Acessibilidade / Reportar erro

Síndrome de Churg-Strauss

Churg-Strauss syndrome

Resumos

A síndrome de Churg-Strauss caracteriza-se por asma, eosinofilia e graus variados de vasculite sistêmica. As formas mais graves com acometimento cardíaco, gastrintestinal, sistema nervoso central e renal requerem ciclofosfamida para seu tratamento.

Síndrome de Churg-Strauss; Vasculite; Síndrome de Churg-Strauss


Churg-Strauss syndrome is characterized by asthma, eosinophilia and various degrees of systemic vasculitis. The most severe forms of the disease, presenting cardiac, gastrointestinal, central nervous system and renal involvement, require cyclophosphamide therapy.

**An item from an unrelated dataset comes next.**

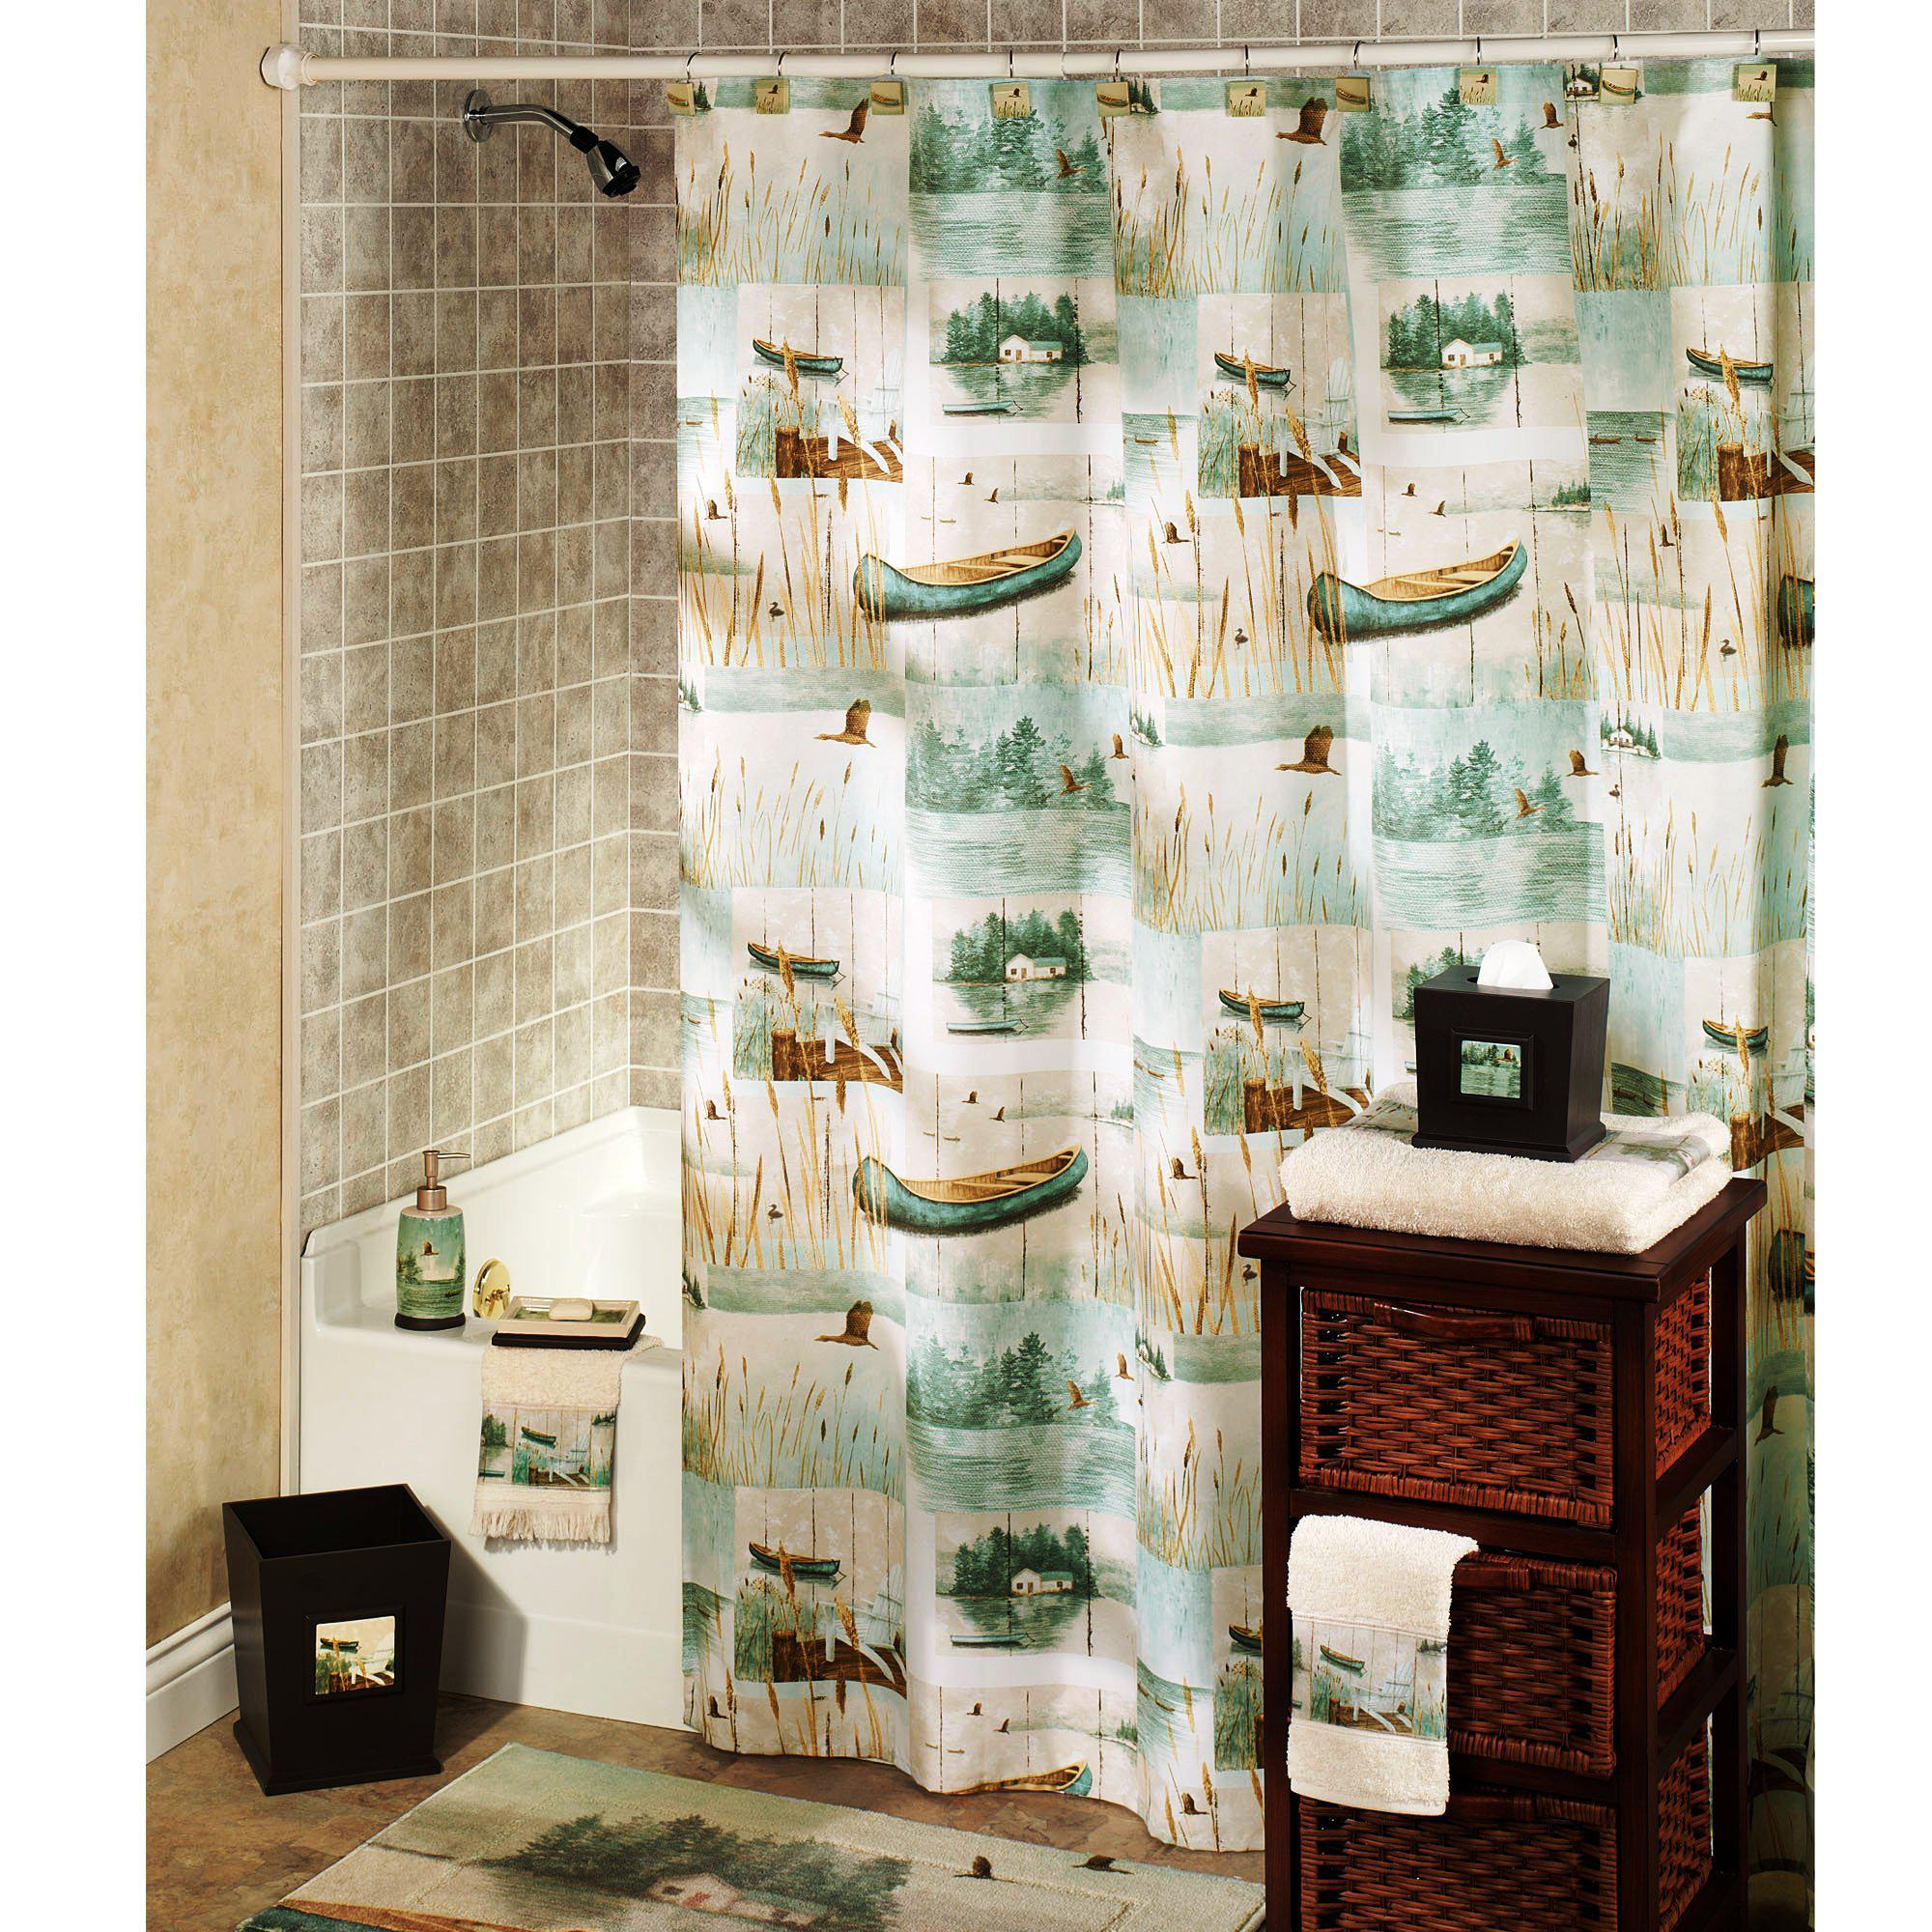 Bojoyo Sunflower Shower Curtain Hooks Rings Farmhouse Rustic Country Bathroom Fall Vintage Home Bath Decor Accessories

Churg-Strauss syndrome; Vasculitis; Churg-Strauss syndrome


CAPÍTULO 6

Síndrome de Churg-Strauss* * Trabalho realizado na Faculdade de Medicina da Universidade de São Paulo - USP - São Paulo (SP) Brasil.

Churg-Strauss syndrome

Juliana Monteiro de BarrosI; Telma AntunesII; Carmen Sílvia Valente BarbasIII

IPós-Graduanda da disciplina de Pneumologia da Faculdade de Medicina da Universidade de São Paulo - USP - São Paulo (SP) Brasil

IIDoutora em Pneumologia da Faculdade de Medicina da Universidade de São Paulo - USP - São Paulo (SP) Brasil

IIIProfesssora Livre-Docente da Faculdade de Medicina da Universidade de São Paulo - USP - São Paulo (SP) Brasil

RESUMO

A síndrome de Churg-Strauss caracteriza-se por asma, eosinofilia e graus variados de vasculite sistêmica. As formas mais graves com acometimento cardíaco, gastrintestinal, sistema nervoso central e renal requerem ciclofosfamida para seu tratamento.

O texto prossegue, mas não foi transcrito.